_PROBLEM TO WORK ON_
Lines with the string "Wool" must each be copied from the listing.

● ● ● ● ●

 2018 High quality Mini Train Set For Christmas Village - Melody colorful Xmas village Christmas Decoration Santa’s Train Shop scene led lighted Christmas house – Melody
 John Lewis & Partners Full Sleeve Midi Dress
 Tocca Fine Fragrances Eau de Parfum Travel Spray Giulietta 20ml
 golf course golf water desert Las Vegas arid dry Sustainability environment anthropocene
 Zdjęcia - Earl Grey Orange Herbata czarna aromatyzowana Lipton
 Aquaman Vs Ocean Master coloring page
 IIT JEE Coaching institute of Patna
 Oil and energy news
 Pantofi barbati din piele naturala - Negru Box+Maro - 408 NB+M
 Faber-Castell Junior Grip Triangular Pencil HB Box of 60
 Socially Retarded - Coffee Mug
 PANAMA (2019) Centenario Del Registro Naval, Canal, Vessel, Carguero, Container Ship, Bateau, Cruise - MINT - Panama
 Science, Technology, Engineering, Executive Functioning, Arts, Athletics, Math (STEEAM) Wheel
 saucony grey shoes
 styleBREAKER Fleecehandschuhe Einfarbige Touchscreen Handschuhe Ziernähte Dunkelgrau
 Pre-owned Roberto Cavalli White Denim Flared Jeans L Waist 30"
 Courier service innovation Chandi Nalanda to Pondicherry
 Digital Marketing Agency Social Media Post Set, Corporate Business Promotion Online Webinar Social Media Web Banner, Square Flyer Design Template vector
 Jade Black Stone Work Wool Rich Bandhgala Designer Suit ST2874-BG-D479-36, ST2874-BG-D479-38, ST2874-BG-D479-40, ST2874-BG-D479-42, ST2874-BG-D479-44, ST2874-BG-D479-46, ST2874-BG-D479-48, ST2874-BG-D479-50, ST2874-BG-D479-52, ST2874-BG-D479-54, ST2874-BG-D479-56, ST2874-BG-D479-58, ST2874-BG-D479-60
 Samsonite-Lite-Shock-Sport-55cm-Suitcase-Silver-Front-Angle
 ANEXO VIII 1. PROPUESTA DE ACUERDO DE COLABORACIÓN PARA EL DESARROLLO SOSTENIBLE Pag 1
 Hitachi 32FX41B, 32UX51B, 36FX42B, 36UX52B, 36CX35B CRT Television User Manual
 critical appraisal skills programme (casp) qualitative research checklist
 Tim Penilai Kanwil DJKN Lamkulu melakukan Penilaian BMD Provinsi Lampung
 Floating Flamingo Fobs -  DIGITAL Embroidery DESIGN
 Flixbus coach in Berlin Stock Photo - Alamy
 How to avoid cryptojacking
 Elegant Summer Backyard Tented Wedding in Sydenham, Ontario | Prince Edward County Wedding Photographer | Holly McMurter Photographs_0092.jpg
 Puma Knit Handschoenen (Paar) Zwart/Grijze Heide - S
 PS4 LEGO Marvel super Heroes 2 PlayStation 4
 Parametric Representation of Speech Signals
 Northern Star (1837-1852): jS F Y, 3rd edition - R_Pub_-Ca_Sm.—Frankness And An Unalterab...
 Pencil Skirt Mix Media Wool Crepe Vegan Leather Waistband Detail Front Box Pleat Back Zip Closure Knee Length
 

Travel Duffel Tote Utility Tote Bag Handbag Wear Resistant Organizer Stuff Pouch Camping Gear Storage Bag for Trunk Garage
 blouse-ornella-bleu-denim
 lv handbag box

● ● ● ● ●

_SOLVED PROBLEM_
 Jade Black Stone Work Wool Rich Bandhgala Designer Suit ST2874-BG-D479-36, ST2874-BG-D479-38, ST2874-BG-D479-40, ST2874-BG-D479-42, ST2874-BG-D479-44, ST2874-BG-D479-46, ST2874-BG-D479-48, ST2874-BG-D479-50, ST2874-BG-D479-52, ST2874-BG-D479-54, ST2874-BG-D479-56, ST2874-BG-D479-58, ST2874-BG-D479-60
 Pencil Skirt Mix Media Wool Crepe Vegan Leather Waistband Detail Front Box Pleat Back Zip Closure Knee Length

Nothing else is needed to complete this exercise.